Introducing RatingsReform Blog

Expect[ed] Loss Readers,

We'll be moving our future blogs on rating agency reform and regulation to a new site: http://ratingsreform.wordpress.com.

Please visit us there to follow our commentary on credit ratings reform and to share your opinions with us. Oh, and don't be shy to sign up!

- ExL

Tuesday, November 10, 2009

Marathon, or Just a Quickie?

Friday’s Asset-Backed Alert describes the (mildly fascinating) behind-the-scenes activities of Marathon CLO I, a 2005-vintage CLO managed by Marathon Asset Management.

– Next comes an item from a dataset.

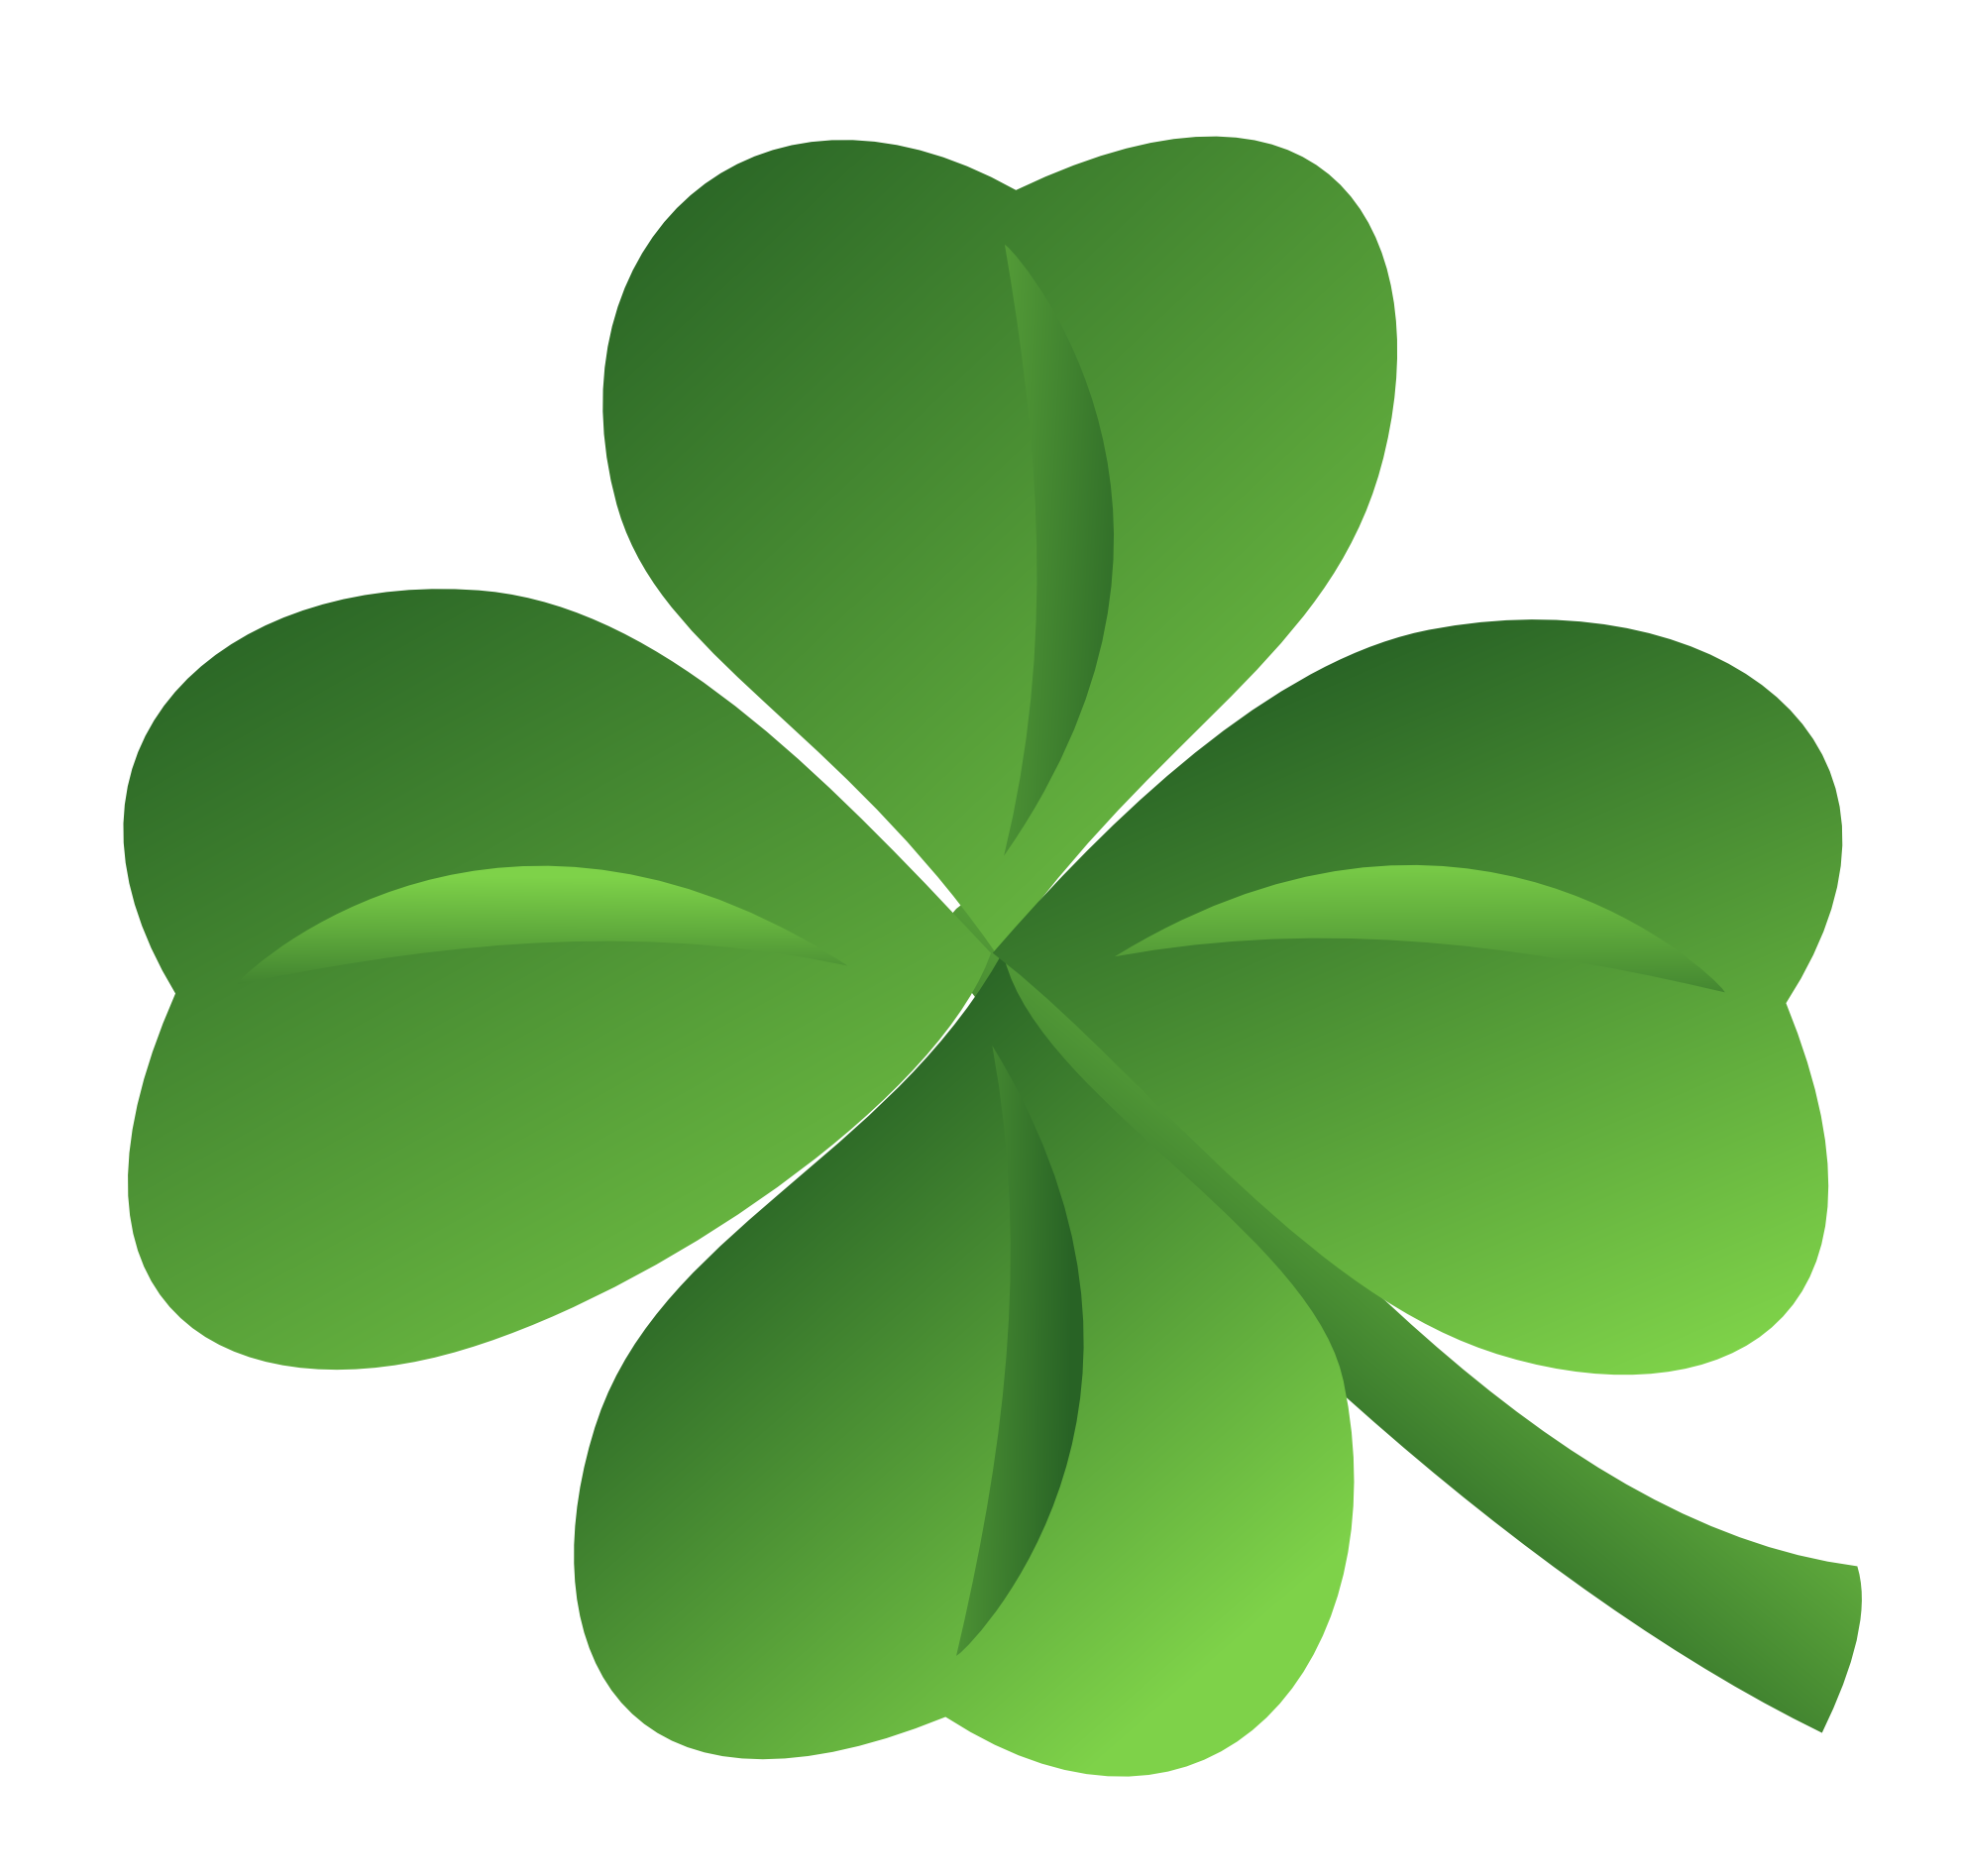 Clipartist Net Clip Art Clover Ns Saint Patricks Day Clipartist Net Saint Patricks Day Clipartist Net St Patricks Day Clipart Clover Leaf Flower Images

According to the article, Marathon itself recently purchased most or all of its deal’s senior-most tranche from Bank of America, at prices purported to be in the 85 cents on the dollar range. To turn a quick profit on their senior note investment, Marathon swiftly sold off roughly two-thirds of the collateral underlying the CDOs, with the proceeds being diverted towards substantially paying down their senior tranche, at par. By our back of the envelope calculations, if Marathon purchased the entire tranche, they would have made a profit on this trade of roughly $26.75mm already, with potentially more to follow.

As far as we’re aware all of the deal’s par coverage tests (“OC tests”) declined between mid-September and mid-October, despite continued improvement in the market for leveraged loans, which support these CLOs.

Why is this Interesting?

(1) While Marathon may have benefited greatly from its extensive trading activity, all other noteholders are, at least in our opinion, worse-positioned for it: in a month in which most CLOs’ OC test ratios improved, all OC ratios of Marathon CLO I suffered, arguably purely as a result of their aggressive trading during this period.

(2) The substantial paydown of the Class A1 notes (CUSIP 565763AA7) might encourage Moody’s to upgrade the tranche from its current rating of A1, with a possible Aaa rating in sight.

(3) Managers are typically disincentivized from any earlier-than-necessary unwinding of their deals: the longer their deals run, the longer they continue to collect management fees for managing the collateral; however, in this situation, the upfront profit of say $26mm would vastly outweigh the potential additional revenue stream of less than $2mm per year that a manager may hope to earn in fee from managing a deal such as this. (Managers earn fees based on the size of the portfolio, so a paydown decreases future fee generation.)

(4) The spirit of the deal is that managers are supposed to manage “across the capital structure.” In other words, though very difficult, they’re supposed to make managerial decisions that are in the best interests of all investors of the deal, certainly not only the senior-most tranche holders. At the same time, the dynamic is that rating agencies are trying to protect their rated noteholders, but not only the senior-most holders. Though it’s an imperfect system, the collateral manager is often required to purchase some of the equity of its own deal, to ensure that it manages across the structure, thereby sending proceeds down the waterfall as far as the equity notes (see here for examples of how this structural nuance can be manipulated).

(5) In this scenario, largely as a result of the early liquidation of assets, most if not all of the other rated noteholders will suffer, which could bring the rating agencies’ ratings on these notes into question, and the equity holders likely lose any potential upside they might otherwise have hoped to gain on their investment.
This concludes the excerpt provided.